Abstract:
Current systems for delivering therapeutic
genes to tumours suffer from a number of serious deficiences, most
notably a lack of specificity for cancer cells. Here we propose
an innovative solution to the problem based on the use of the spores
of a harmless, nonpathogenic Clostridium species. Intravenously
injected clostridial spores localise to, and exclusively germinate
in, the hypoxic regions of solid tumours.

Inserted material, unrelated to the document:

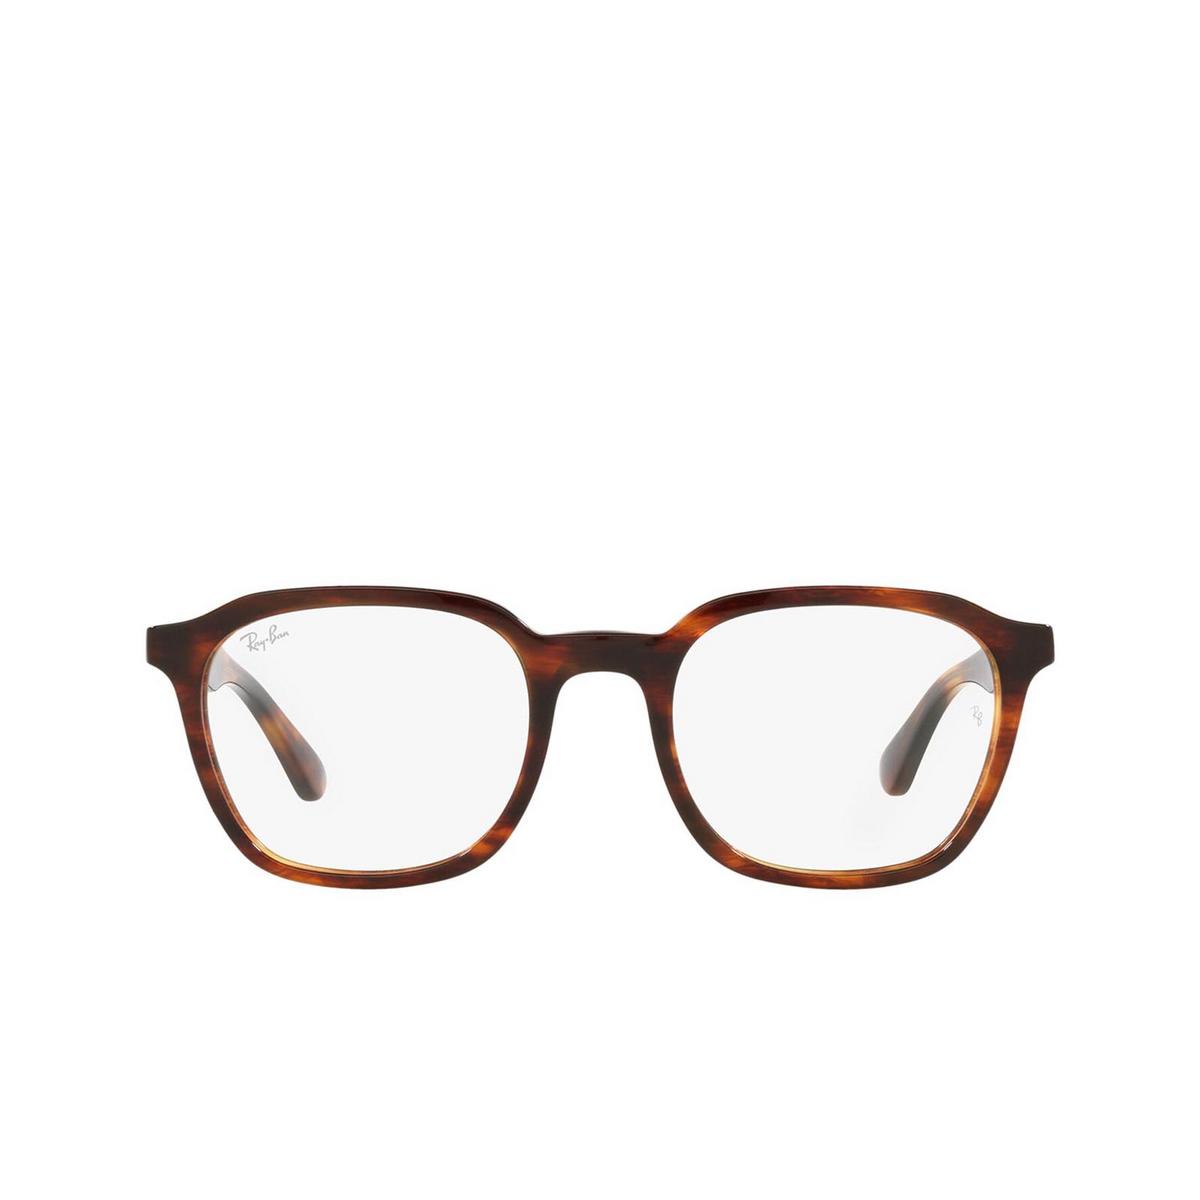 Ray-Ban® Square Eyeglasses: RX5390 color Striped Havana 2144.

The spores are incapable of germinating in healthy
tissue. We will engineer this harmless organism such that it produces
a variety of prodrug converting enzymes and assess their anti-tumour
effects in a rat tumour model. New, more efficient enzymes and prodrugs
will be developed. The clostridial host will be further disabled
through defined proprietary to improve its biosafety.
Objectives:
It is the objective of this project
to develop a new and safe therapy for treating solid tumours based
on a tumour-specific clostridial delivery vehicle. The organism
to be used will be Clostridium spp., which is entirely non-pathogenic
to man. Using rhabdomyosarcoma-bearing rats as the in vivo model,
this organism will be used to deliver the two classes of prodrug
converting enzymes, and their effects on tumour growth assessed
following prodrug administration. To increase the system's effectiveness,
new enzymes and prodrugs with improved characteristics will be developed.
A non-invasive procedure will be developed to monitor tumour colonisation.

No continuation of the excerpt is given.